Yes. 200904052.zip looks broken and it can not be opened by the program or 7zip program.

Here is program, which compares the effect of my modification for output compared to original full listdir. I do nt think it is nice to get announcement your program is corrupt, ilke here when mylist is full directory.

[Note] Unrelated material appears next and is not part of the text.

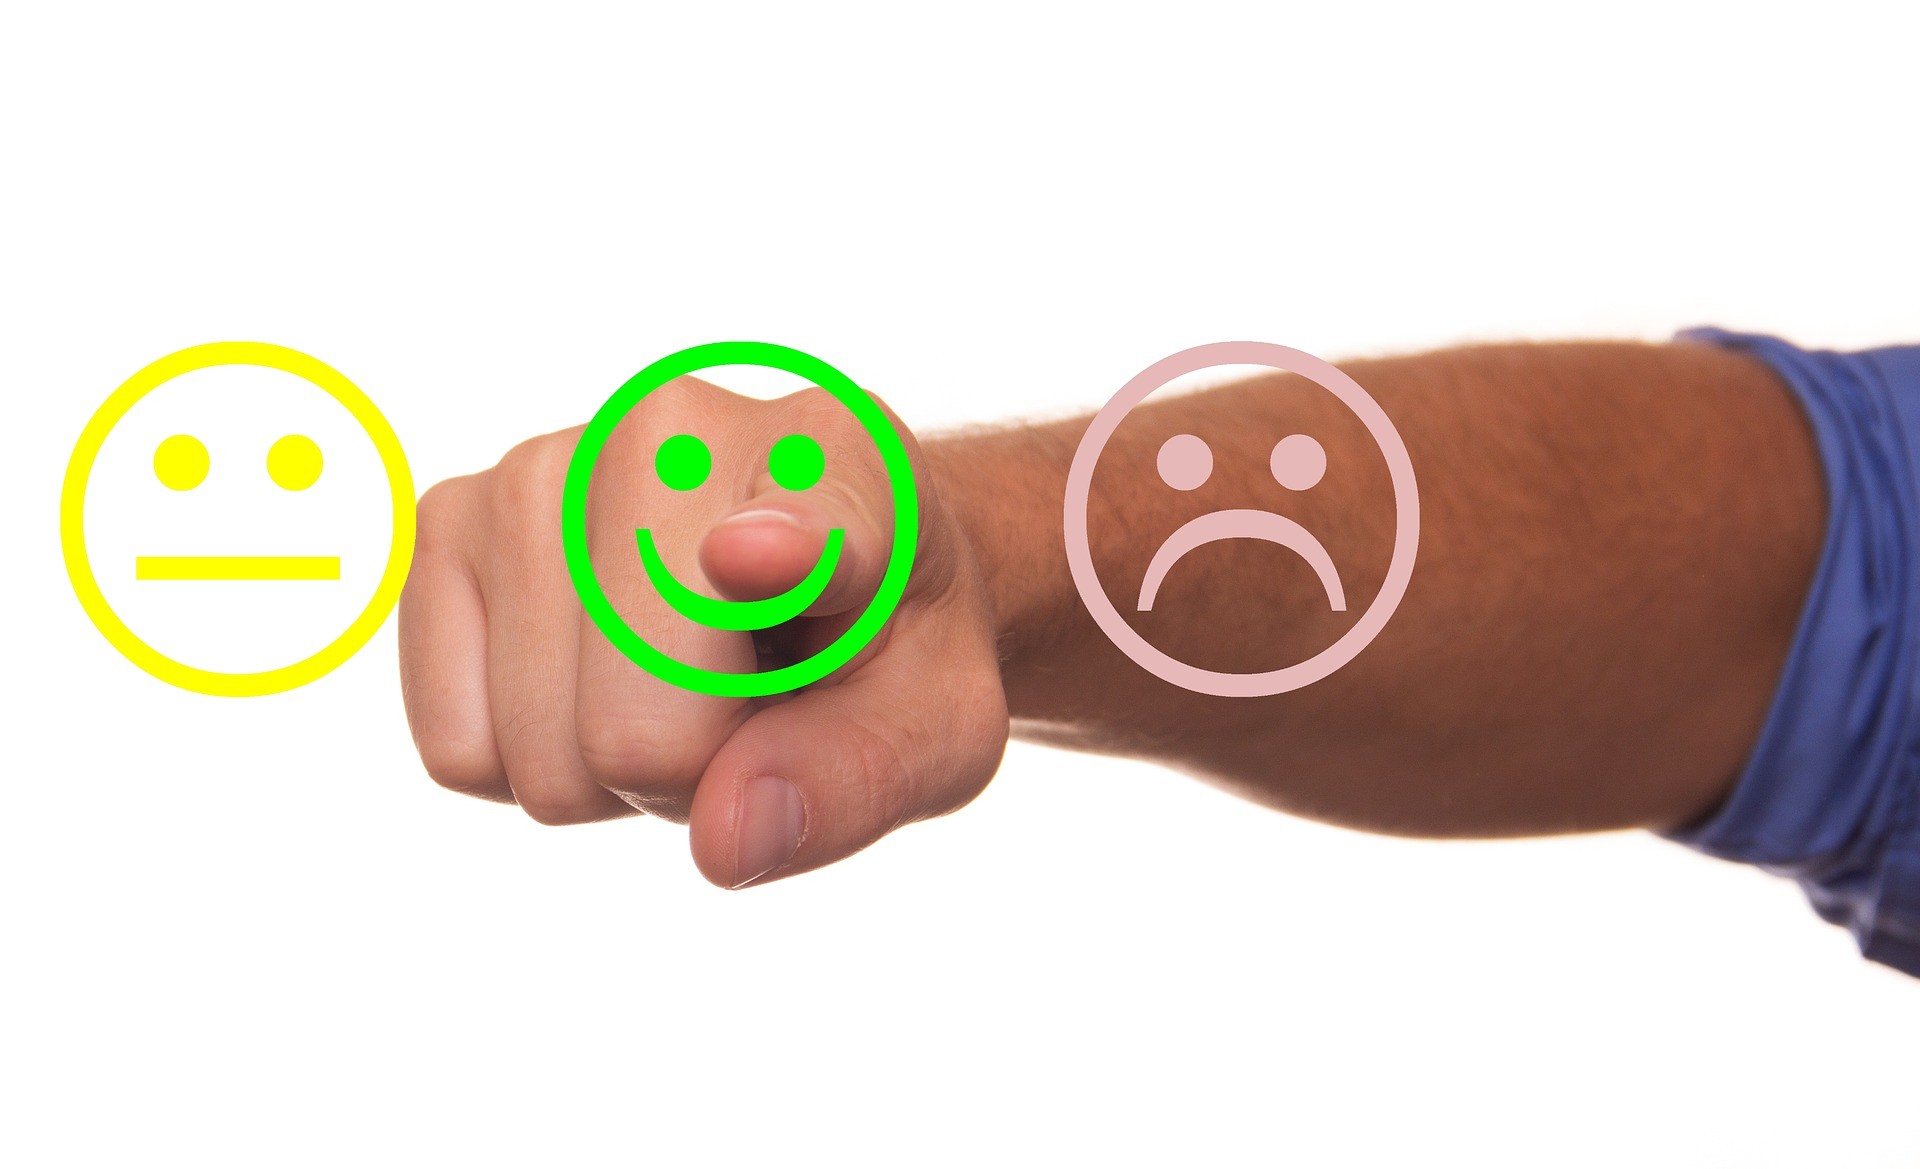 savunma Pazarlamada 5A Müşteri Yol Haritası (5. Aşama Savunma) mutlu musteri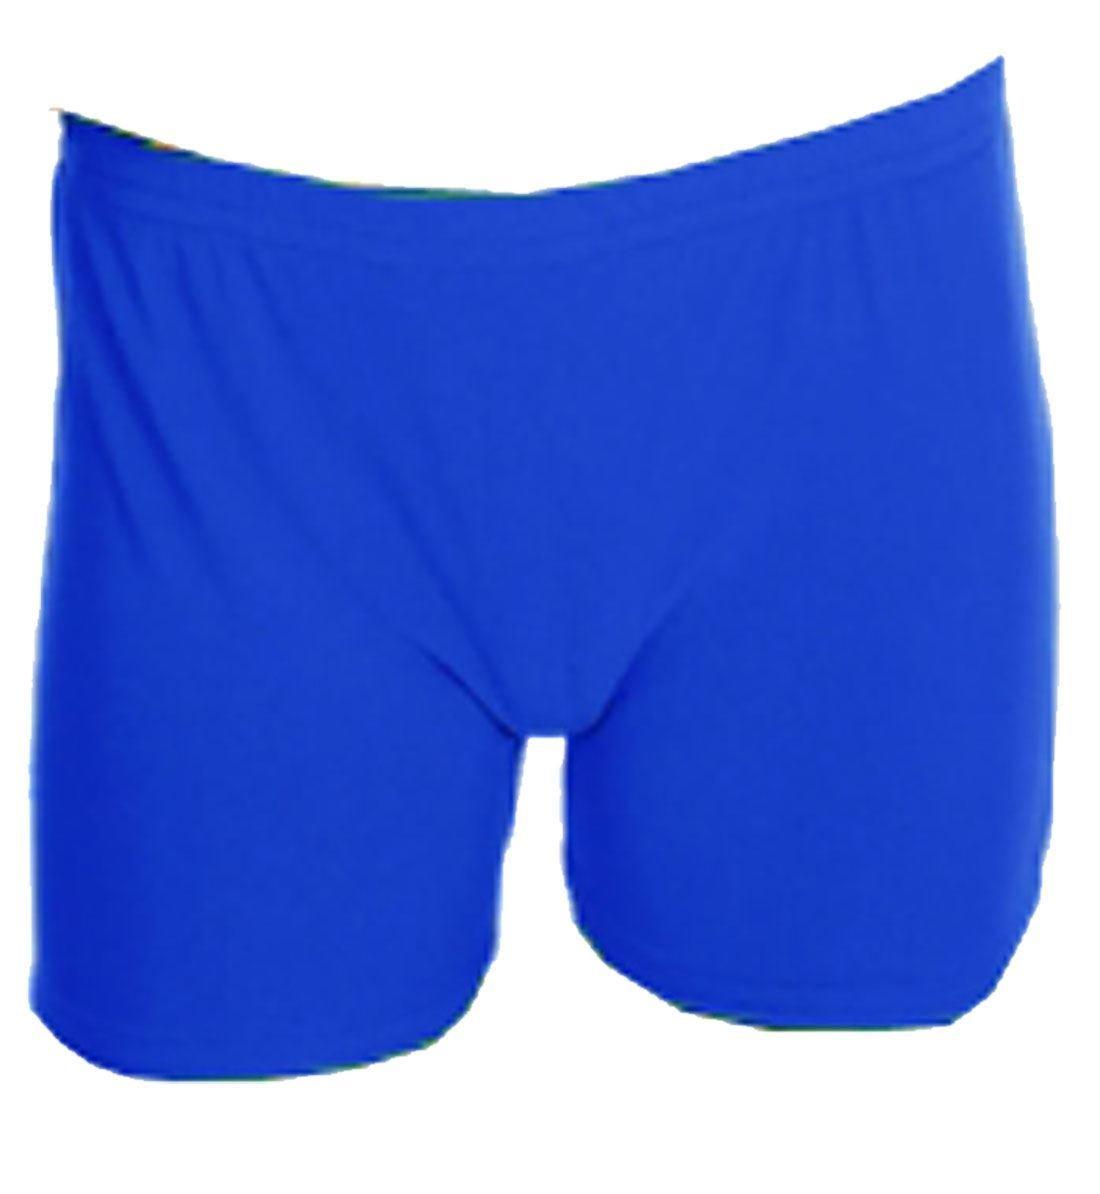 Rimi Hanger Children Plain Stretchy Neon Hot Pants Girls Dance Gym Lycra Party Tutu Shorts Royal Blue 5-6 Years

That is why I called my program little less stupid.

import os, zipfile
for mylist in ([zipf for zipf in os.listdir(os.curdir) if zipf.endswith('.zip')],os.listdir(os.curdir)):
    for z in mylist:
      try:
        x = zipfile.ZipFile(z)
        print "%s opened ok" % z
        x.close()
      except:
        print "File %s is corrupt..." % z
        continue
    print '-'*40
""" Example output:
>>> 
200904011.zip opened ok
File 200904052.zip is corrupt...
8bf_tools.zip opened ok
ClientForm-0.2.10.zip opened ok
code.zip opened ok
LiveWires 2.0.zip opened ok
livewires-2.1-r2(2).zip opened ok
livewires-2.1-r2.zip opened ok
myro-all-270.zip opened ok
pyke-1.1.zip opened ok
pySTEP_1.20.zip opened ok
SimplistiCalc.zip opened ok
testdatadaniweb.zip opened ok
----------------------------------------
End of output from original version (all files):
.....
File setup-unicon.exe is corrupt...
File ship.bmp is corrupt...
File SimplistiCalc is corrupt...
SimplistiCalc.zip opened ok
testdatadaniweb.zip opened ok
File testzip.py is corrupt...
File Thumbs.db is corrupt...

"""

Edited 6 Years Ago by pyTony: n/a

thats work perfect... thanks for answers tonyjv...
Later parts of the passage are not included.